Octavius Thomas has a handful of nicknames, from OT to Overtime to “that kid with bleached hair.”
Myrtle Beach football coach Mickey Wilson calls his linebacker something else.
“I think he’s one of the best football players in the state of South Carolina, without a doubt,” Wilson said.
Thomas has shown once again that he is one of the predominant defensive players in the area, if not – as Wilson says –the state. Friday night, when Myrtle Beach plays fellow undefeated region team Socastee, the senior could be the difference in making sure the Seahawks’ chance of a third state title in five years remains as strong as possible.

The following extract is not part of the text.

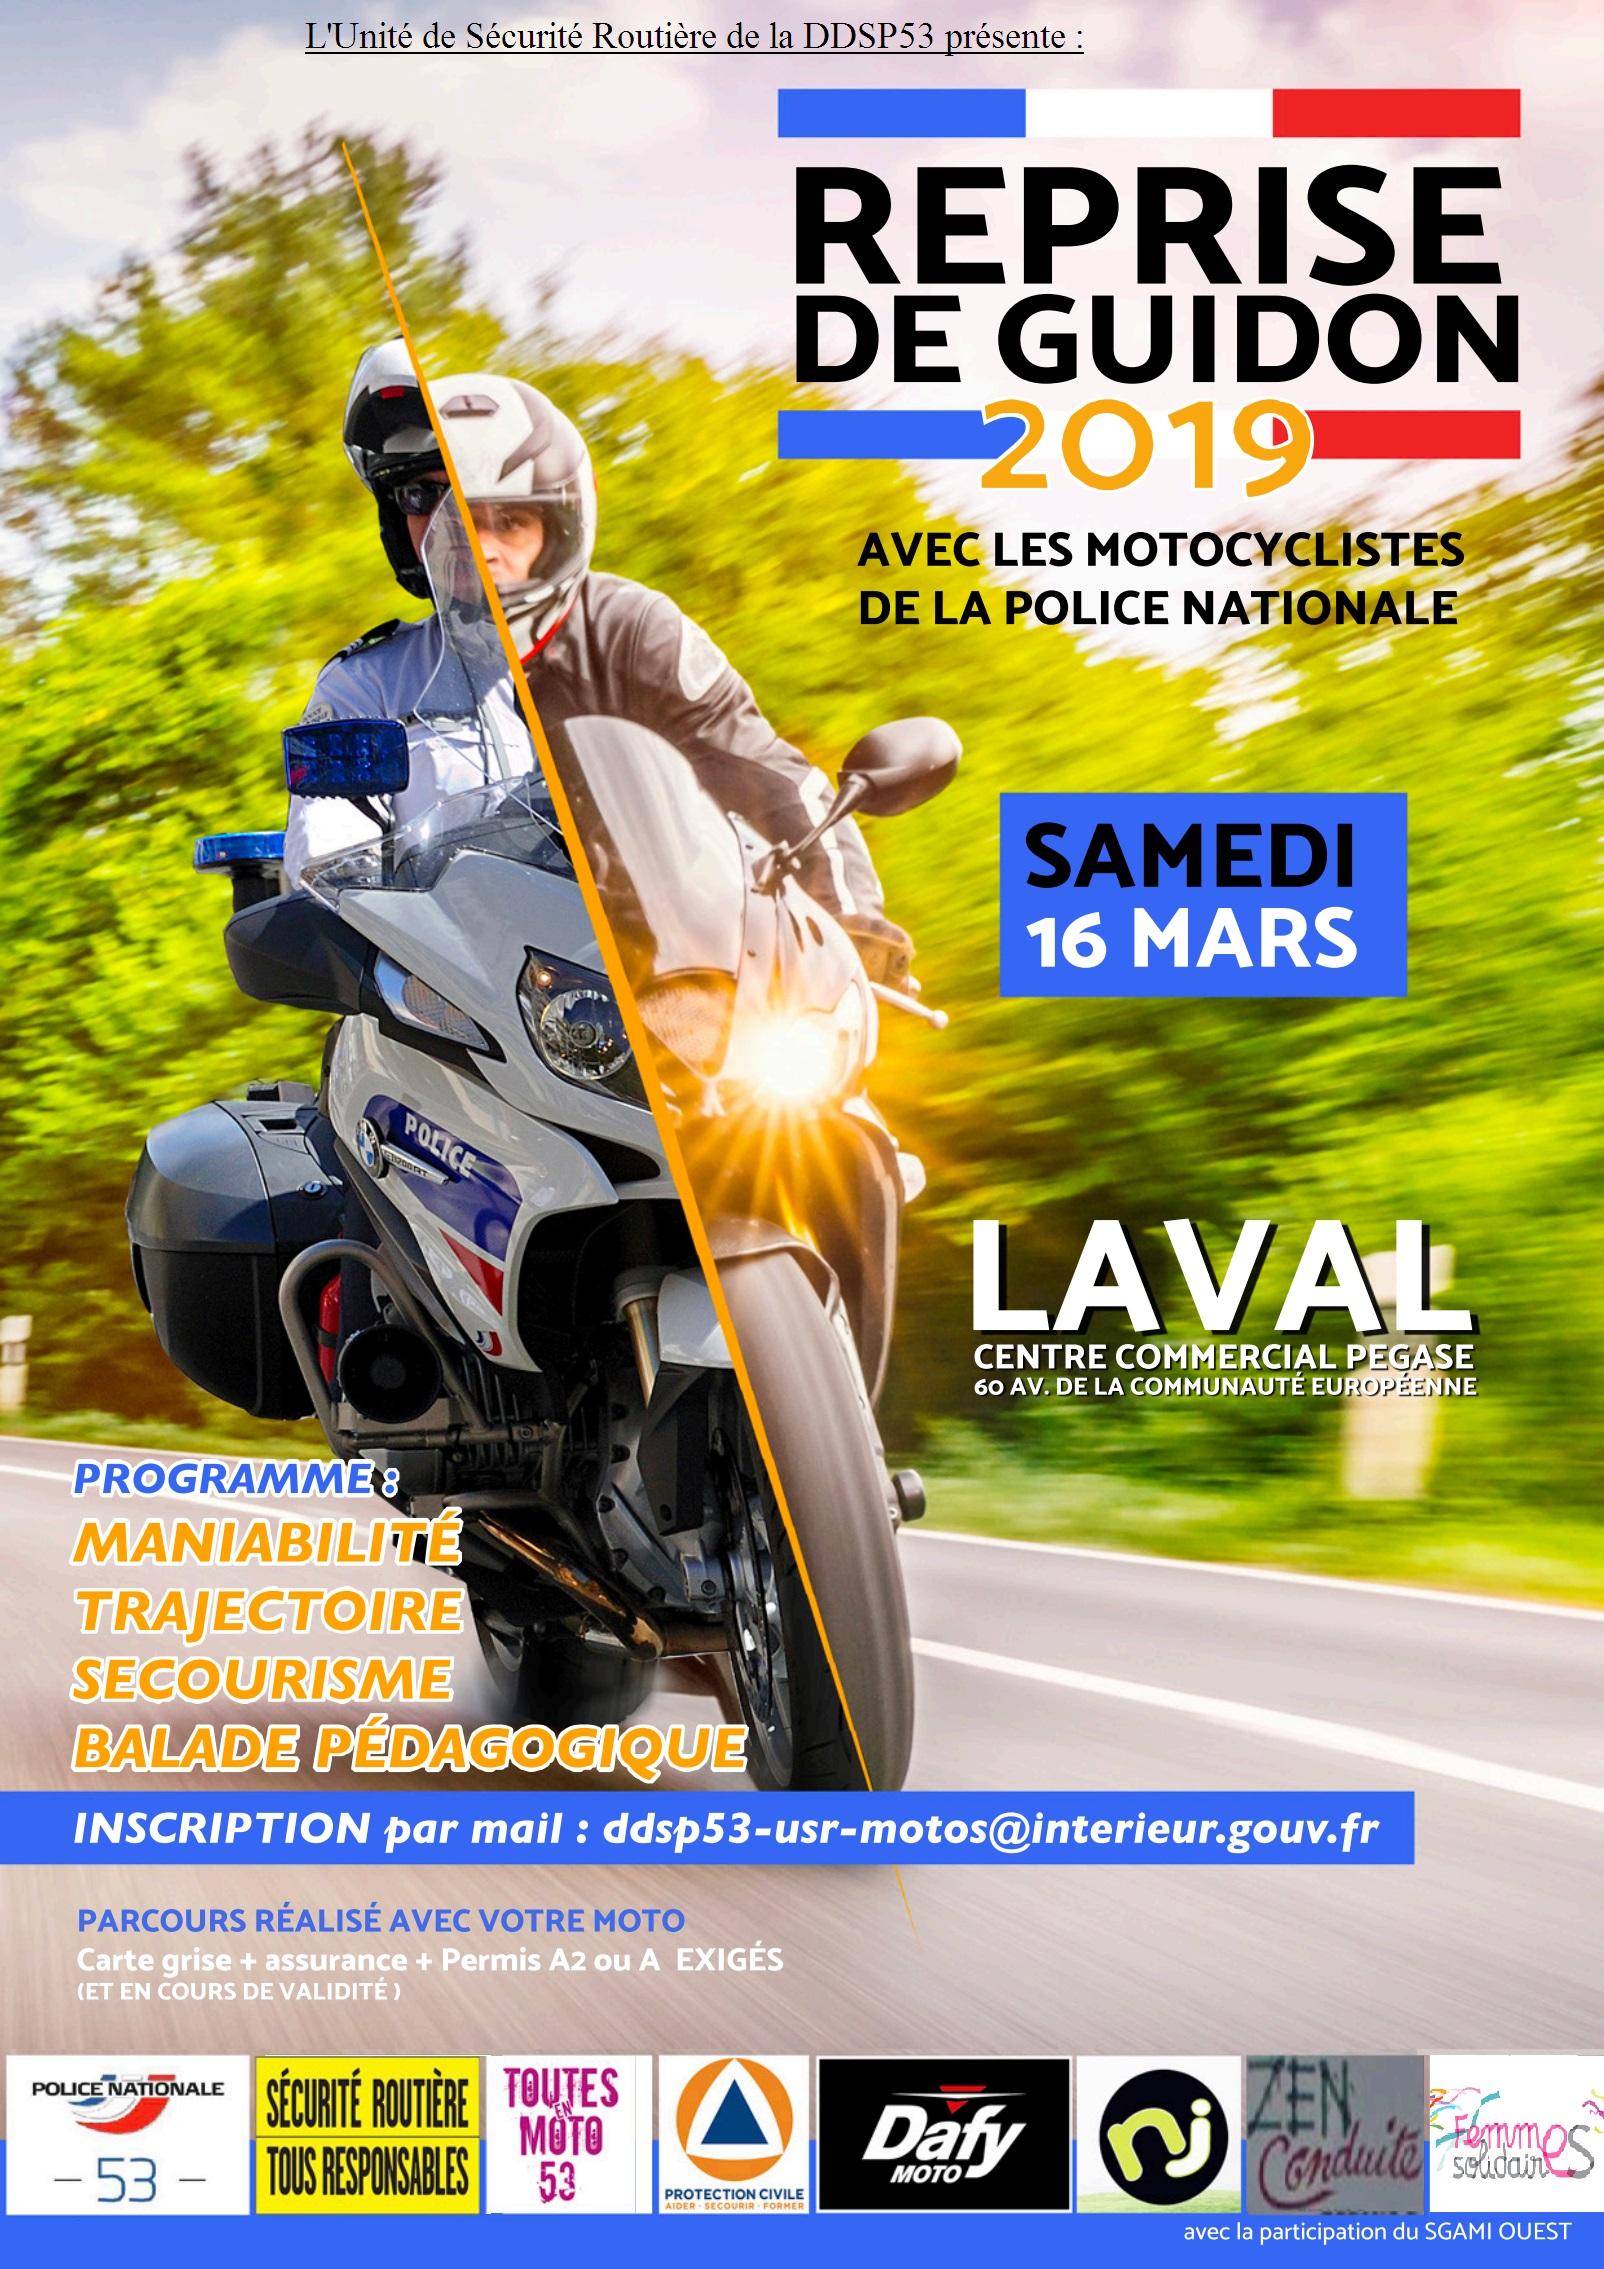 Reprise de guidon 2019 // Avec les motocyclistes de la police nationale

The winner immediately has the upper hand in terms of a first-place region finish and accompanying No. 1 seed in the playoffs. This year, that top seed comes with the benefit of at least three home postseason games, a major boost in making it to the Class AAA state championship.
So, yes, this one has serious meaning for the rest of the way.
And what better player to be in the middle of it all than Thomas, a guy with Myrtle Beach football in his DNA.
Legacy of titles
There’s a photo floating around of Octavius Thomas from just after Myrtle Beach’s 2008 state title win over Chester.
Back then, Thomas was an eighth grade ball boy, and his older brother, PJ, was helping the Seahawks earn the Class AAA championship as a back-up safety. For Perry Thomas, though, it was important for Octavius to be a part of the team.
“It’s really special to be a homegrown product,” Perry Thomas said. “When I was a little boy, all we dreamed about was going and watching Myrtle Beach football. You knew you were going to go play for the Seahawks.”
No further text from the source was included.